Another design element that was influenced by Japanese culture is the tuxedo Jeffrey Kurland created for Saito.
“With the tuxedo, Jeffrey wanted to evoke the feeling of a Japanese kimono, so he combined Eastern and Western fashion in a very interesting way,” said Watanabe. “All of the suits he made for me had a very beautiful silhouette.”
The Japanese castle sets also included a dramatic two-level great room with a beamed ceiling, large picture windows, and solid wood staircases going up to the overlooking landings.
Watanabe also appeared in other western films, “The Last Samurai”, “Memoirs of a Geisha,” and as the courageous Japanese General Tadamichi Kuribayashi in Clint Eastwood’s World War II drama “Letters from Iwo Jima.”
In addition, Watanabe starred and produced the 2006 Japanese film “Memories of Tomorrow,” and the 2009 feature “Shizumano Taiyô” (The Unbroken). He is set to co-star in the upcoming Mikael Hafstrom drama “Shanghai,” with John Cusack and Gong Li.
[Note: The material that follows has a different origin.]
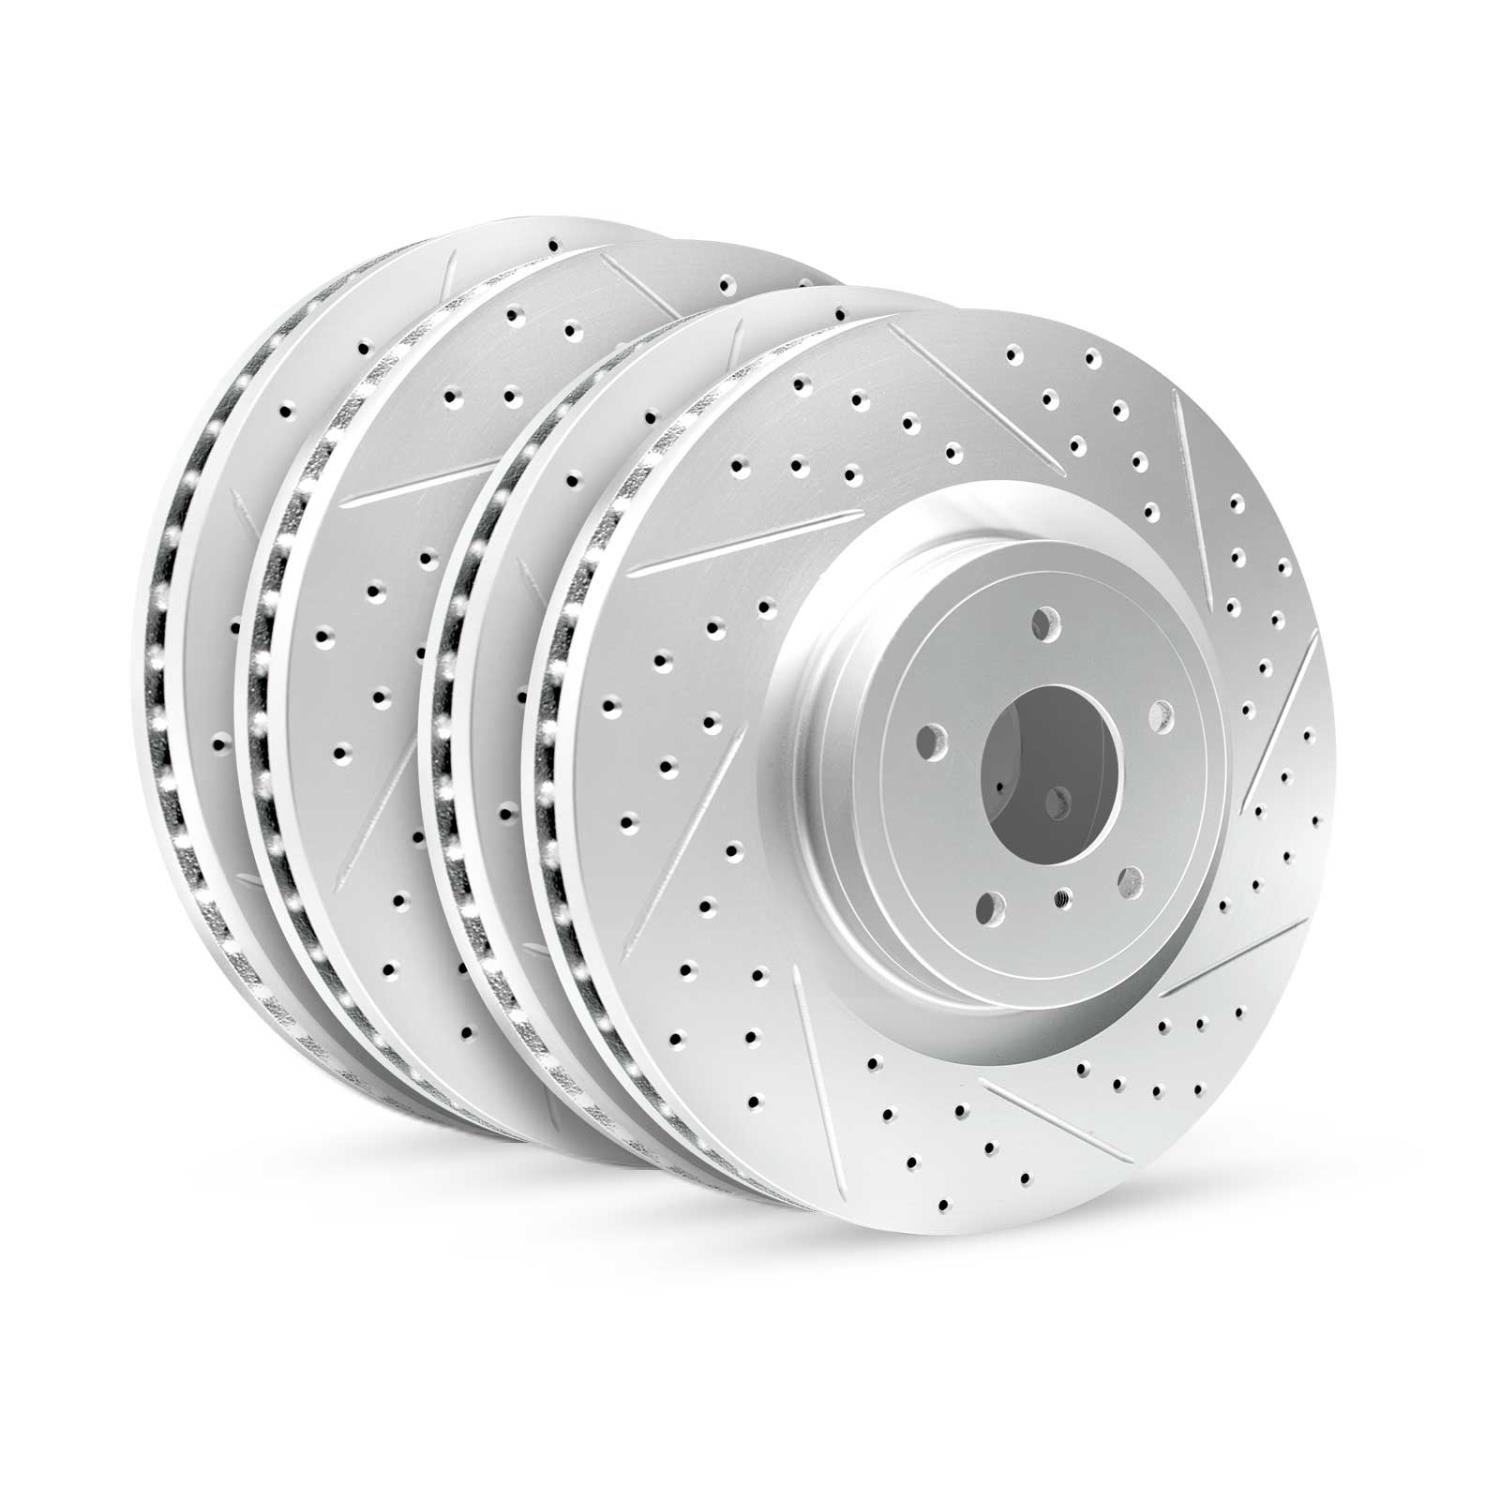 GEO-Carbon Drilled/Slotted Rotors, 2005-2012 Acura/Honda, Position: Front/Rear

Dileep Rao was most recently seen in James Cameron’s record-breaking blockbuster “Avatar,” the top-grossing film of all time. Earlier in 2009, Rao made his feature film debut with a lead role in Sam Raimi’s horror hit “Drag Me to Hell.”
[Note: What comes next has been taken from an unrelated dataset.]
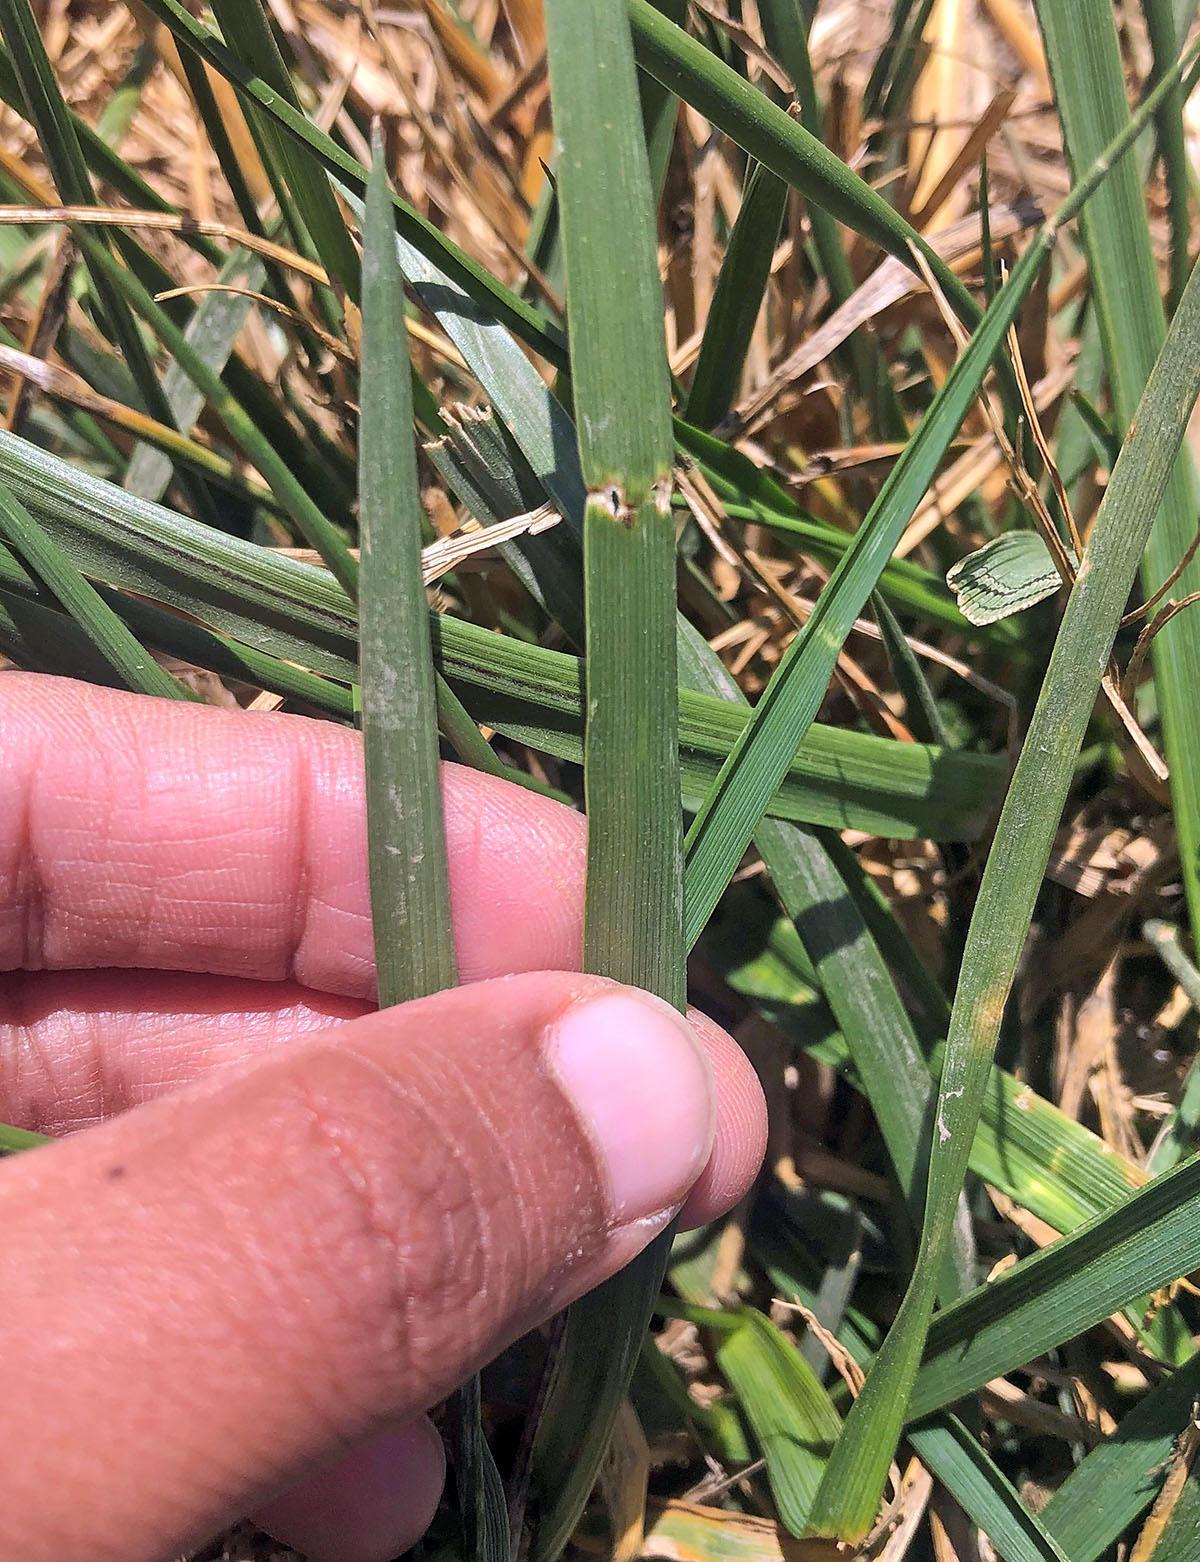 fingers grasp a blade of grass with two mirrored holes

He may be more famous, however as a “Jeopardy” champion, scoring one of the game show’s largest single-day winnings.
Rao was born in Los Angeles, but his parents’ jobs – his mother is a physicist, his father an engineer – took the family to more than 20 countries by the time he was eight years old and lived in Saudi Arabia for a time as a child.
His lifelong fascination with the natural sciences led him originall
y to become a pre-med student at the University of California at San Diego, with the serious intention of becoming a surgeon. While in college, however, he enrolled in an acting class, which sparked his interest in the theatre.
That led to his participation in the La Jolla Playhouse Summer Conservatory, where he was trained by Tony Award-winning director Anna Shapiro. He gained his Equity card doing a variety of theatre roles and ultimately decided that his continuing education would be in the arts instead of medical school.